CovarsaDx Expands Collaborative Efforts Through MDIC Membership and Key Initiatives

 LOS ANGELES, Calif., October 1, 2024 –

CovarsaDx, a prominent Clinical Research Organization (CRO) renowned for its expertise in vitro diagnostics (IVDs) and medical devices, is proud to announce its membership in the Medical Device Innovation Consortium (MDIC). This partnership marks a significant milestone in CovarsaDx’s ongoing mission to advance innovation in healthcare technology by providing reliable clinical validation results from an elite network of experienced investigators. 

The MDIC is a public-private partnership focused on advancing the regulatory science of medical devices. Bringing together stakeholders from industry, government, patients, payers, and healthcare providers, MDIC leads efforts to develop new tools, standards, and approaches to medical device design, manufacturing, and clinical integration. 

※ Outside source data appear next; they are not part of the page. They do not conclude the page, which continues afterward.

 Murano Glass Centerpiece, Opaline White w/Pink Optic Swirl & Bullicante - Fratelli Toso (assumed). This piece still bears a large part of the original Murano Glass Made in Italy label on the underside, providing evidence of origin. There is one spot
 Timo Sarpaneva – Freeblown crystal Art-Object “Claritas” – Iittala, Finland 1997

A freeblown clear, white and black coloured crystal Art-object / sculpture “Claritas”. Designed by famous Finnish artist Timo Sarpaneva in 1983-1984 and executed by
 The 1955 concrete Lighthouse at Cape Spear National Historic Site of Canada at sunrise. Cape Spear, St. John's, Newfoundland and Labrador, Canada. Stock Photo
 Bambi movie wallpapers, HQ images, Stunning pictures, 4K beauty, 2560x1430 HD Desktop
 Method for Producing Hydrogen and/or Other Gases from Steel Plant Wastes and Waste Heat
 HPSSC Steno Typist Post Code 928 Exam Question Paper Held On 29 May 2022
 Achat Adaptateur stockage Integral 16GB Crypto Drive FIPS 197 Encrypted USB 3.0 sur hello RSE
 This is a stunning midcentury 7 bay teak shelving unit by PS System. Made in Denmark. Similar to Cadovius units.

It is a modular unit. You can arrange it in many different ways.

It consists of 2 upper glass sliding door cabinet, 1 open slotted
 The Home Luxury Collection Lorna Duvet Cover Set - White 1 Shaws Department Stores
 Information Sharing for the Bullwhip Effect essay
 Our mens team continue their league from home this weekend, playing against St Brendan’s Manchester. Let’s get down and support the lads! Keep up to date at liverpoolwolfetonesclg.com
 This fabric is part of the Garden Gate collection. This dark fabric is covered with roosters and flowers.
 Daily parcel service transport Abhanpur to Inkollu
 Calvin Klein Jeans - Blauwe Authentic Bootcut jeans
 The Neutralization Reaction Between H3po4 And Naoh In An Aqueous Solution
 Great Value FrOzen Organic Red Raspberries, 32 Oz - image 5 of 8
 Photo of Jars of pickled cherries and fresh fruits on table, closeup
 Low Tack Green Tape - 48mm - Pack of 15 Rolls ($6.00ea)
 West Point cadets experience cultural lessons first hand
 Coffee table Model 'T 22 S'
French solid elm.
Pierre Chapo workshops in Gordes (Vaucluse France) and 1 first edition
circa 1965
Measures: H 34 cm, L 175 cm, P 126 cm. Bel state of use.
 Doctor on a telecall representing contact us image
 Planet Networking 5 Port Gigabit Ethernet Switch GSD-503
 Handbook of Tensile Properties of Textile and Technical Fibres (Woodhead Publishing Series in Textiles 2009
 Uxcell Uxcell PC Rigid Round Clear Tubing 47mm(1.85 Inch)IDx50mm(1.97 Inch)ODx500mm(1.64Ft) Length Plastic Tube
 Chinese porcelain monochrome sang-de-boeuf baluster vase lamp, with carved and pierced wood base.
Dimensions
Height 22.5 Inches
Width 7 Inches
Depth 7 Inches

“We are excited to join the MDIC and be part of a collaborative ecosystem that drives progress in the medical device sector,” said Chermaen Lindberg, president and CEO of CovarsaDx. “MDIC provides unparalleled opportunities for sharing knowledge and resources across the industry, which directly aligns with our commitment to pioneering healthcare solutions. We’re eager to contribute our expertise in clinical trials and regulatory strategies to the consortium while learning from others who share our passion for improving patient outcomes.” 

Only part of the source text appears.